I don't know the internals of jaffarPlus, but would it make sense to add something like scoreIncrement/100 + scoreIncrement/10%10; into the reward in getStateReward, to make the bot take score increment tally delay into account?
Here's a picture of what I mean. I wrote a Lua script to record, for each frame, the number of blocks remaining (called remainingBlocks in jaffarPlus, blue in the graph), as well as the 6-element array at 0x037c..0x0381 that represents the score increment; i.e., that points that are waiting to be tallied into the player's score (orange in the graph). Even though 3943M takes longer to break all the blocks, it is overall slightly faster. By breaking blocks at a slower, but more consistent rate, it keeps the score increment more under control. The maximum score increment in Round 23 in 3943M is 13010; here in 8315S it is 33040.

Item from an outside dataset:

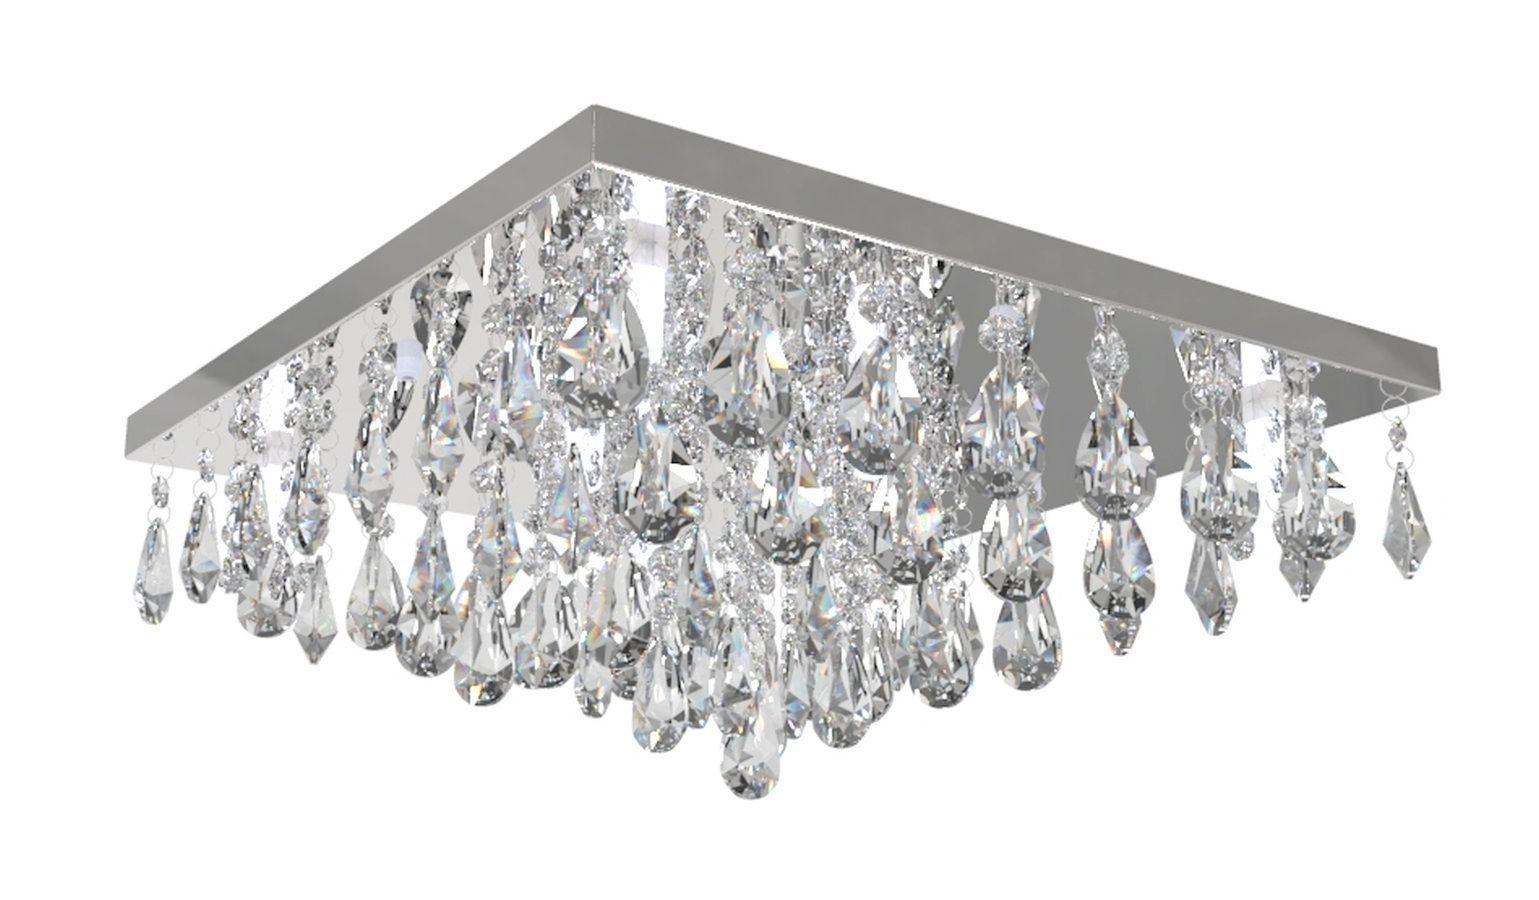 Plafon Lustre de Cristal Legitimo 42cm Sala de estar Mesa Jantar Quarto Living Ático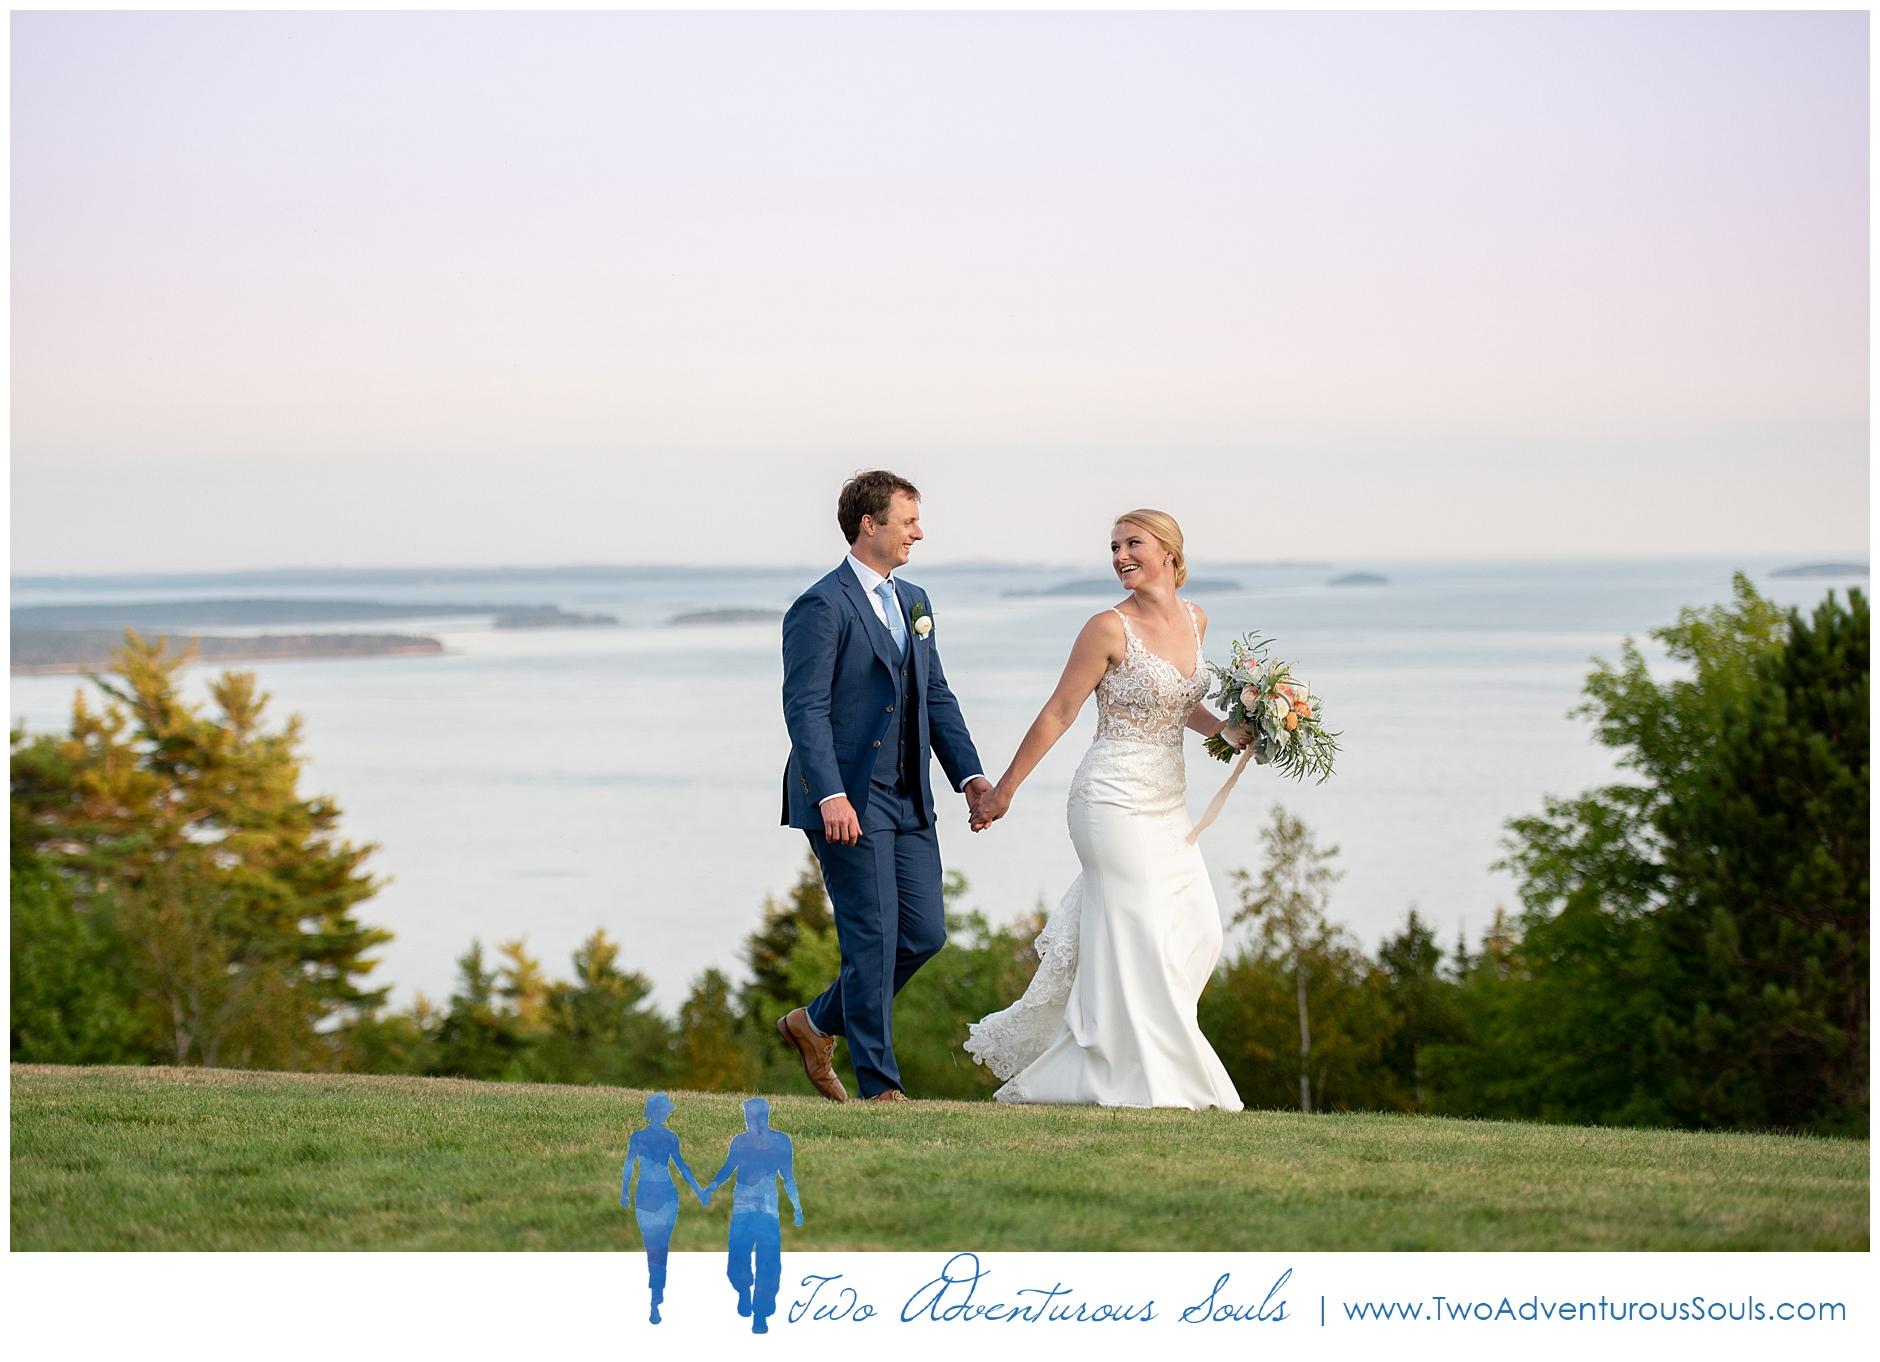 Maine Wedding Photographers, Point Lookout Wedding Photographers, Maine Elopement Photographers, Two Adventurous Souls-0080419_0058.jpg

The way scoring works is, when you earn points, they don't go directly into your score (the 6-element array at 0x0370..0x0375). Instead the points go into the score increment, and from there they move into your score, a little each frame. Here's an excerpt of the CSV log from 3943M to show how the transfer works:
frame
round
remaining_blocks
p1_score
score_increment
2006
2
63
007820
000470
2007
2
63
007830
000460
2008
2
63
007840
000450
2009
2
63
007850
000440
2010
2
63
007860
000430
2011
2
63
007870
000420
2012
2
63
007880
000410
2013
2
63
007890
000400
2014
2
63
007990
000300
2015
2
63
008090
000200
2016
2
63
008190
000100
2017
2
63
008290
000000
The score increment counts down by tens as long as the tens digit is nonzero, then it counts down by hundreds until the whole thing is zero. So, for example, an increment of 1350 takes 13 + 5 = 18 frames to tally into the player's score. A side effect of this method is that sometimes earning points can decrease the amount of time it takes to tally the score increment. For example, an increment of 250 takes 7 frames to tally, whereas an increment of 300 takes only 3 frames.
I don't know the internals of jaffarPlus, but would it make sense to add something like scoreIncrement/100 + scoreIncrement/10%10; into the reward in getStateReward, to make the bot take score increment tally delay into account?
Wow, thanks so much for doing this research. I didn't know this tally mechanism existed and is what caused the delay at the end of the stage (and for some egregiously so).
I'll try to factor this into the reward function next time. Hopefully that will push the bot to pursue solutions that, albeit slower in the destruction of blocks, leads to an earlier tally finish.
Typically, we don't include botted re-record counts and we just put "Unknown" as the re-record count in such cases. We also have an ongoing topic about tracking re-record counts, where no conclusion was reached thus far. Are you fine with me mentioning an unknown re-record count in this case as well?